By Jason, Collum, AFA Journal staff writer
April 2004 – Conservatism, once believed to be quashed in the land of academia, has been steadily making a comeback on college campuses across the United States. But not without a fight.
The most recent evidence is a poll conducted by the Education Research Institute showing that among college freshmen, 21% refer to themselves as conservative, while 24% hold liberal views. The vast majority of students prefer to sit in the middle of the political road.
While the number of liberal students is still greater than conservatives, consider this:
• According to the poll, the percentage of students holding strict liberal views has fallen from a high of 38% in 1971.

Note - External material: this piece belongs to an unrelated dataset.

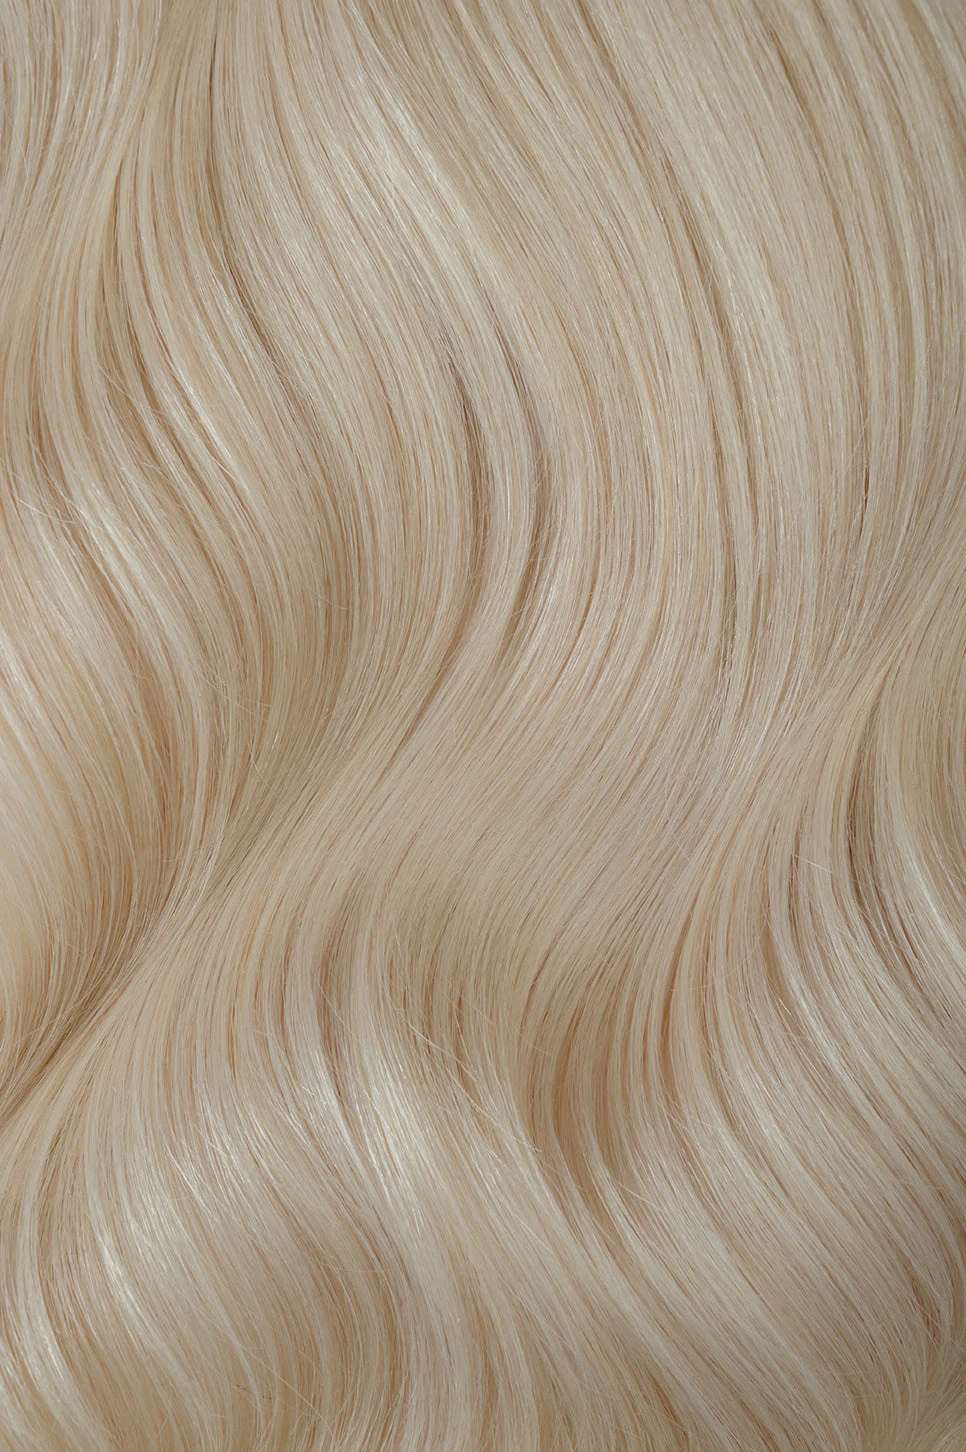 #60 Whitest Ash Blonde Clip-In Bun Extension

• The number of students holding conservatives views, at a low of 14% in 1973, has hovered around 20% since President Ronald Reagan’s first term in office.
• A larger proportion of students say they’ve recently attended a church service. According to the poll, 80% of students have gone to church recently, up from 69% in the 1960s.
• 45% of students in 2003 said they’ve drunk beer in the past year, down from 69% in 1966. Fewer students are smoking now, too.
Another sign of strength in the conservative ranks is membership in college Republican organizations. The College Republican National Committee (CRNC) touts more than 120,000 members on 1,148 American college campuses. The CRNC states on its Web site that one of its reasons for existence is to play an integral role in “the communication of a conservative message to college students.” Though not giving a definite time frame, the CRNC says it has tripled its membership in “recent years.”
Not without a fight
The shift of political positions toward the right has not been met with open arms by those of opposing views. With high-profile cases of some liberal professors expressing bitter intolerance toward conservative views, some conservative students might be afraid to speak up or stand for their beliefs for fear of reprisal.
In February, an English professor at the University of North Carolina-Chapel Hill sent an E-mail to her entire English class berating a student for his comments against homosexuality. He called it disgusting and a sin. According to several newspaper reports, instructor Elyse Crystall wrote in the E-mail, “What we heard Thursday at the end of class constitutes hate speech and is completely unacceptable.” Crystall went on to refer to the student, only identified as Tim, as “a white, heterosexual, Christian male” who “can feel entitled to make violent, heterosexual comments and not feel marked or threatened or vulnerable.”
Tim made his remarks following a lecture in the class – an English class – on the relationship between heterosexual and homosexual men. Upon learning of the instructor’s lashing out at the student, U.S. Rep. Walter Jones, (R-NC), sent a letter to Chancellor James Moeser. In the letter, Jones expressed his concern that the student’s civil rights had been violated, and said he would be contacting the state’s Attorney General Roy Cooper and the civil rights division of the U.S. Department of Education regarding the incident.
“I shared with the chancellor my concern, not just with this professor, but if there is a liberal bias at the University, and how does this affect students with a conservative position,” Jones said in an interview with The Daily Tar Heel, the student-run newspaper at UNC.
Moeser issued a letter in regard to the handling of the situation. In it he said Crystall had “apologized to the individual student with concerns as well as to all members of this class. The department chair met with the lecturer and the students to discuss their respective concerns.”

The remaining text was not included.